INFORMATION PROVIDED:
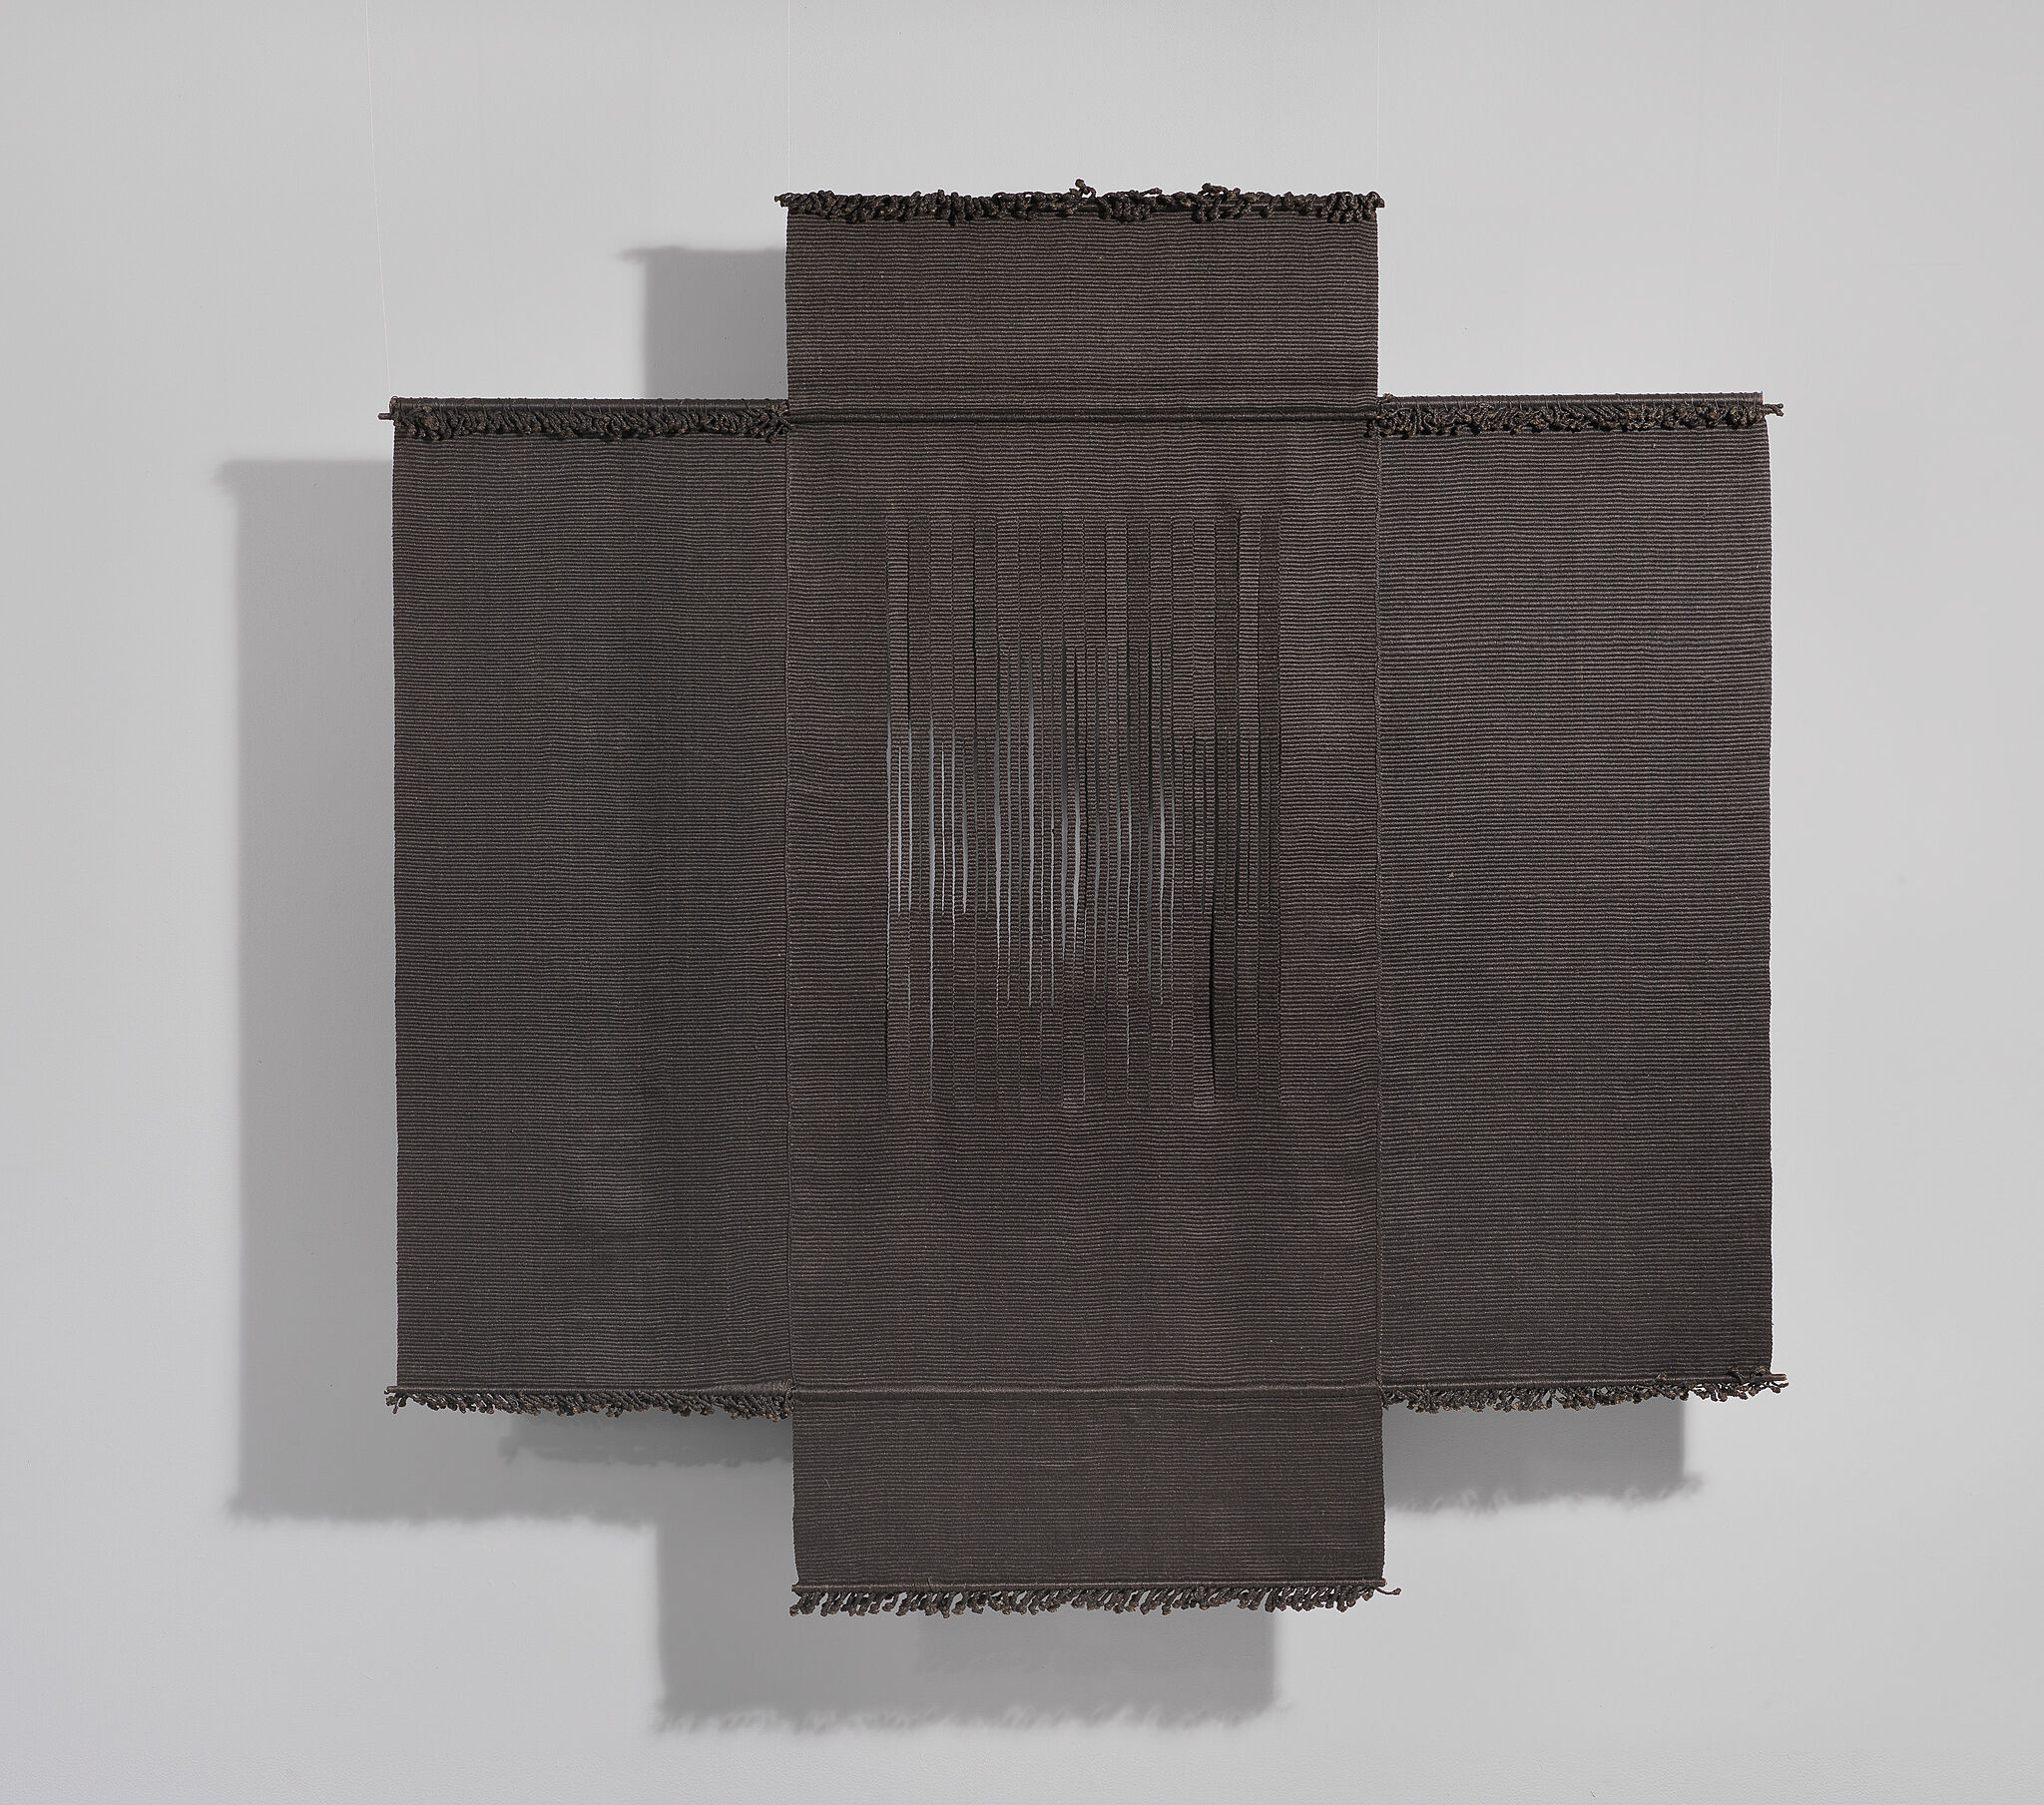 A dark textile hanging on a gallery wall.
--
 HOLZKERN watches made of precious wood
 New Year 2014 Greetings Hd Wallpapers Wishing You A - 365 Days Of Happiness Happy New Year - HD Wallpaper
==
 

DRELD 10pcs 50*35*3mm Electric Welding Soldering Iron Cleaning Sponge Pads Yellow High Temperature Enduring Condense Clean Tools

ACTIVITY:
The entries above hold the needed span. Transcribe exactly the lines from the one with "HOLZKERN watches made of precious wood" to the one with "New Year 2014", both included.

TASK OUTPUT:
 HOLZKERN watches made of precious wood
 New Year 2014 Greetings Hd Wallpapers Wishing You A - 365 Days Of Happiness Happy New Year - HD Wallpaper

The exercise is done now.